Weddings Don't Have to Be Complicated

My wedding changed how I think about bridal parties. I had none. I never liked them. They cost your friends a lot of money, besides a wedding present. No bachelor/bachelorette parties. If we are close enough friends and family, we will go away, with or without a wedding. I hope more and more people consider the idea of doing away with bridal parties. People usually would much prefer going to a wedding than being in one.

Cutting out the bridal party alone saved from:

  • Coordinating schedules for dress shopping
  • Worrying about whether her friends could afford what she picked or where the wedding was located
  • Planning (or attending) a bachelorette weekend
  • Feeling guilty when she needed to rest instead of doing "bridal party things"

I was never a fan of clicks and nothing feels more clicky than a bridal party.

The Travel and Drinking Thing

Can we talk about how much wedding culture revolves around both of these? Destination weddings, bachelor parties in Vegas, wine-tasting weekends, rehearsal dinners that turn into late nights at the bar.
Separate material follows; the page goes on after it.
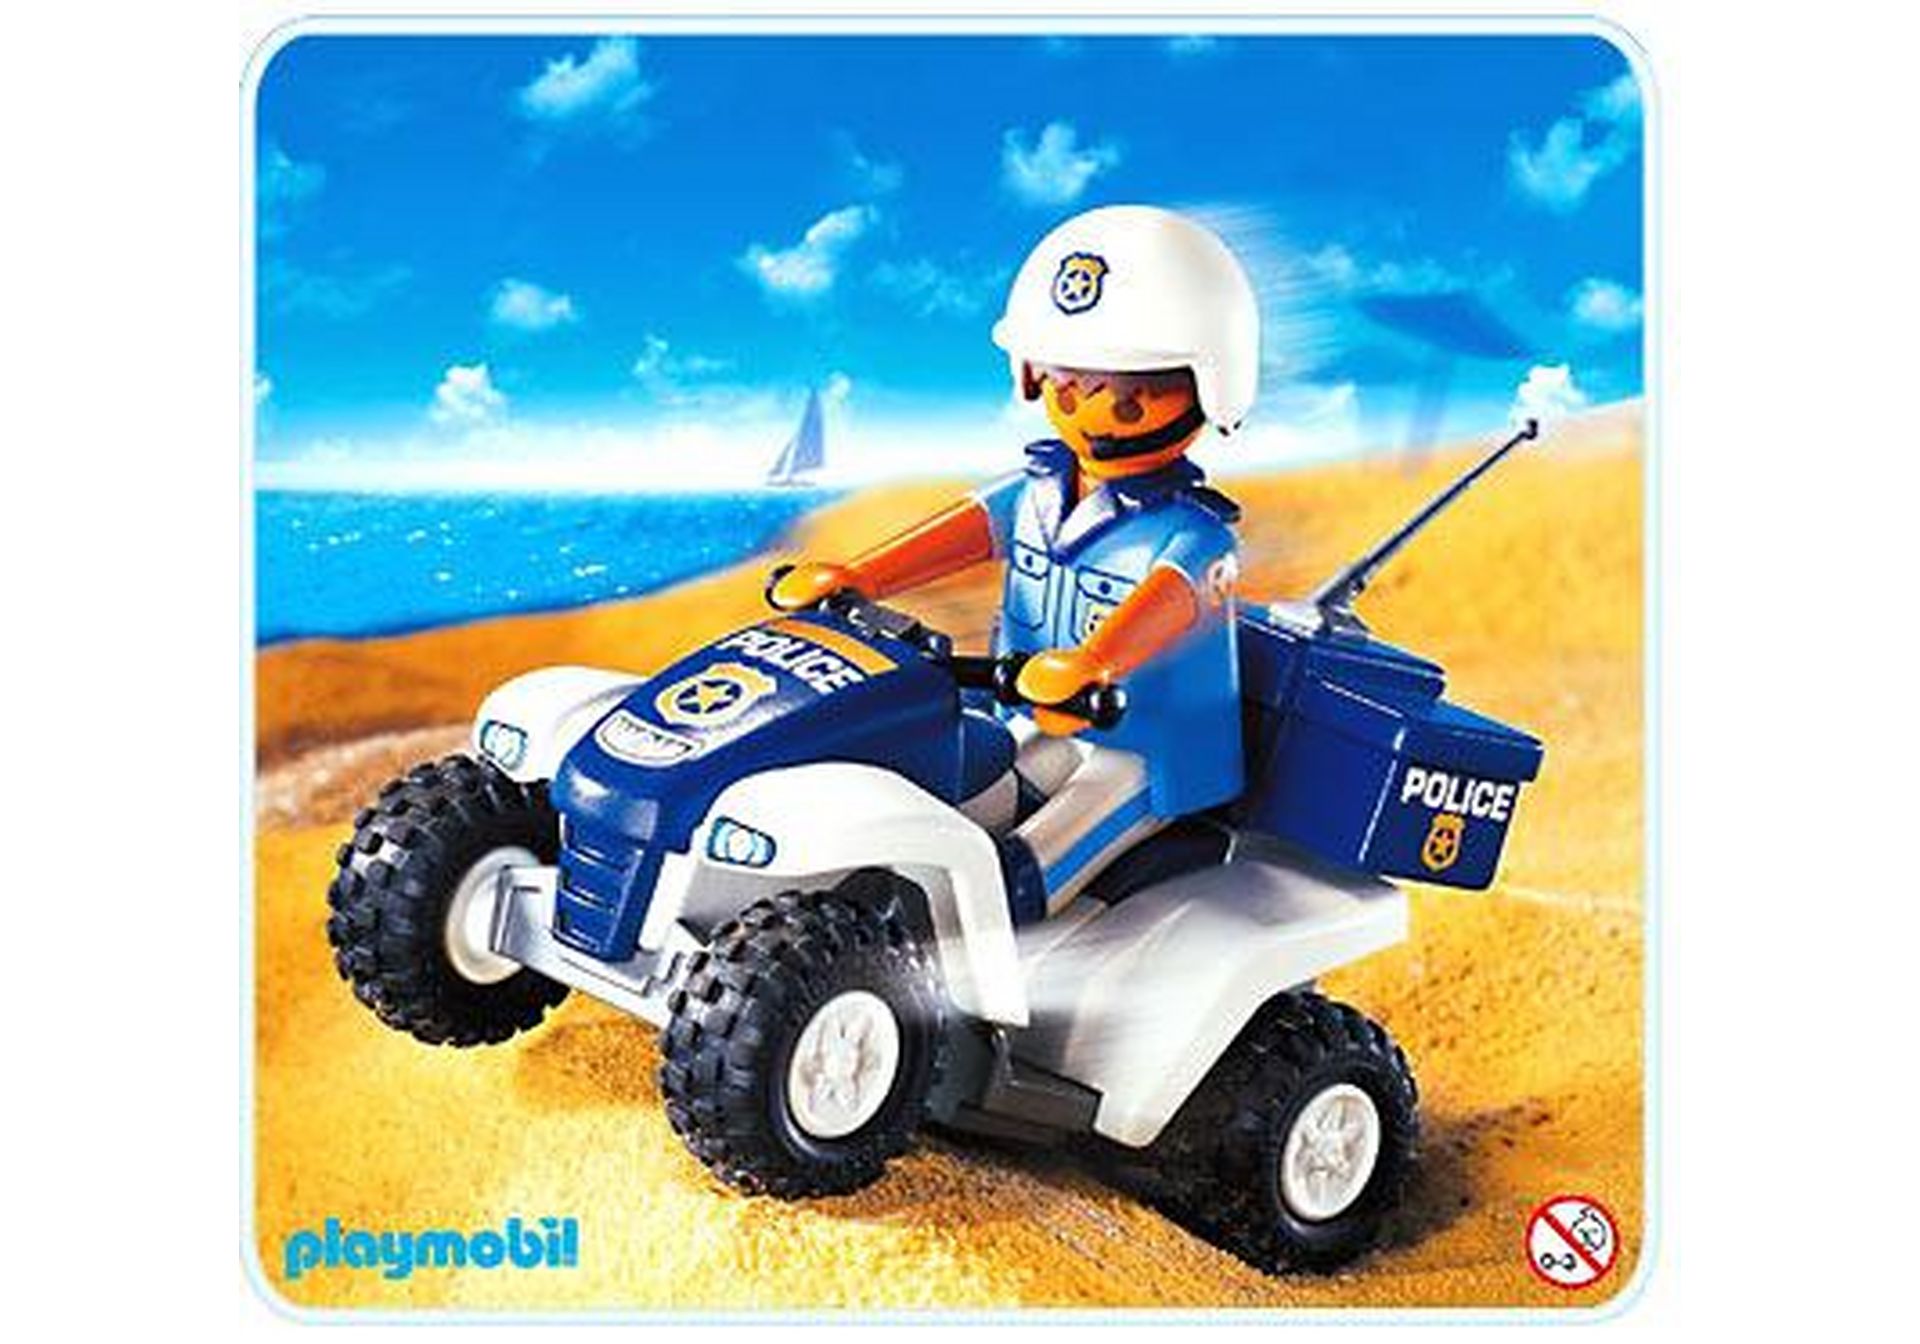 Playmobil Polizei Motorrad BLAULICHT aus Set 3564 Ersatzteil Police Quad 3655

For a lot of us, that's just... not possible. Or it is possible, but we'll pay for it with a week-long flare.

Choosing not to do those things isn't missing out. It's choosing to feel okay instead of feeling terrible. Pretty simple math, actually.
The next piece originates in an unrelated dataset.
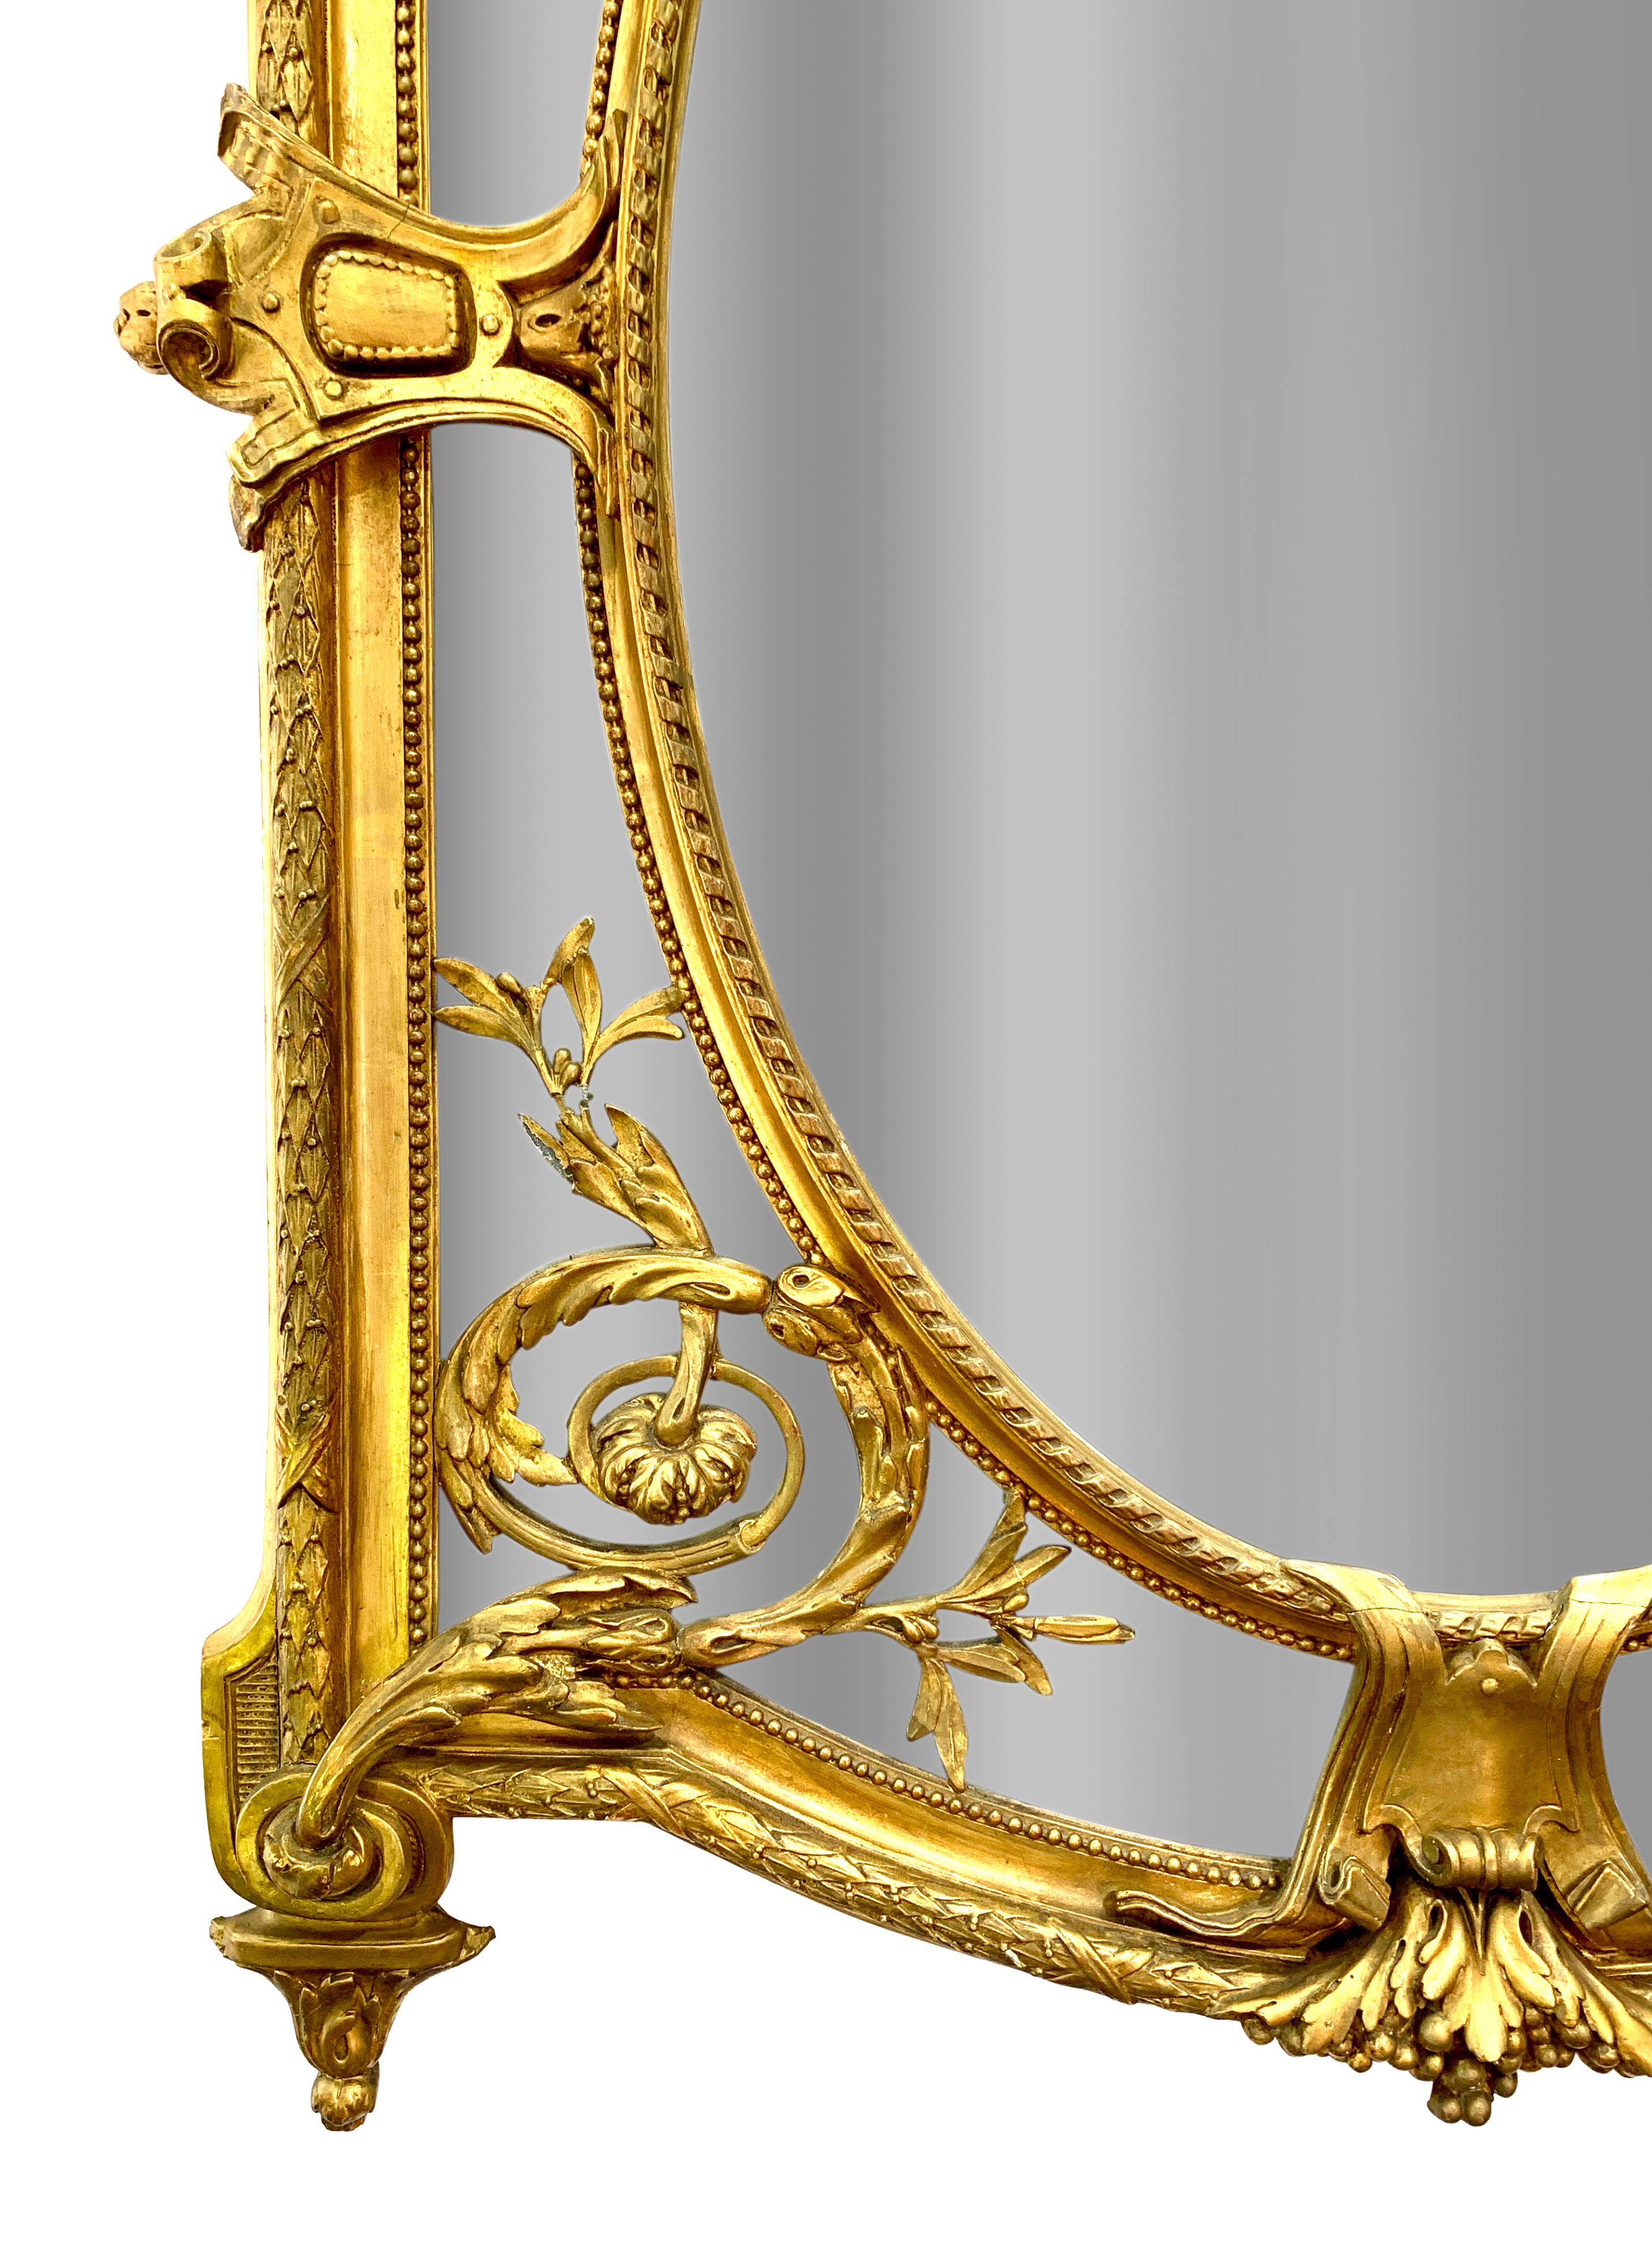 Exceptionnel miroir ancien français de style Louis XVI en bois doré et gesso. La plaque cintrée sous une crête élaborée d'ornements à volutes et de fleurs avec deux chérubins ailés magnifiquement sculptés soutenant une plaque centrale ovale avec un

The Conversations Nobody Warns You About

Getting engaged with chronic illness means you end up having certain talks earlier than other couples might. Talks about:

  • What happens during a bad flare
  • How you'll handle medical costs
  • What "in sickness and in health" actually looks like in practice
  • Whether you want kids (and how your health factors in)

These conversations aren't romantic in the rom-com sense. But they're real. And honestly? They're kind of important.

You Can Be Happy AND Scared

Here's something I'm still learning: you don't have to choose between joy and reality.

  • You can be thrilled about marrying your person AND worried about whether you'll feel okay on your wedding day.
  • You can love planning AND need to rest more than other brides.
  • You can be excited about your future AND need to build in flexibility because your body is unpredictable.

Both things can be true.

Final Thoughts

Your engagement doesn't need to look like anyone else's to count. Your wedding doesn't need to be Pinterest-perfect to be meaningful.

You're not asking for too much by needing things to be different. You're not "ruining" anything by doing it your way. And you are absolutely not too complicated to marry.

Part of the wedding business is about making money for wedding businesses. Skip that part. Save your money. 

The right person will get it. They'll help you figure out what works. They'll probably suggest the at-home proposal themselves because they know you and they love you.

That's what this whole thing is about anyway, right? Finding someone who sees all of you, including the hard parts, and chooses you anyway.

For anyone recently engaged, we are so happy for you!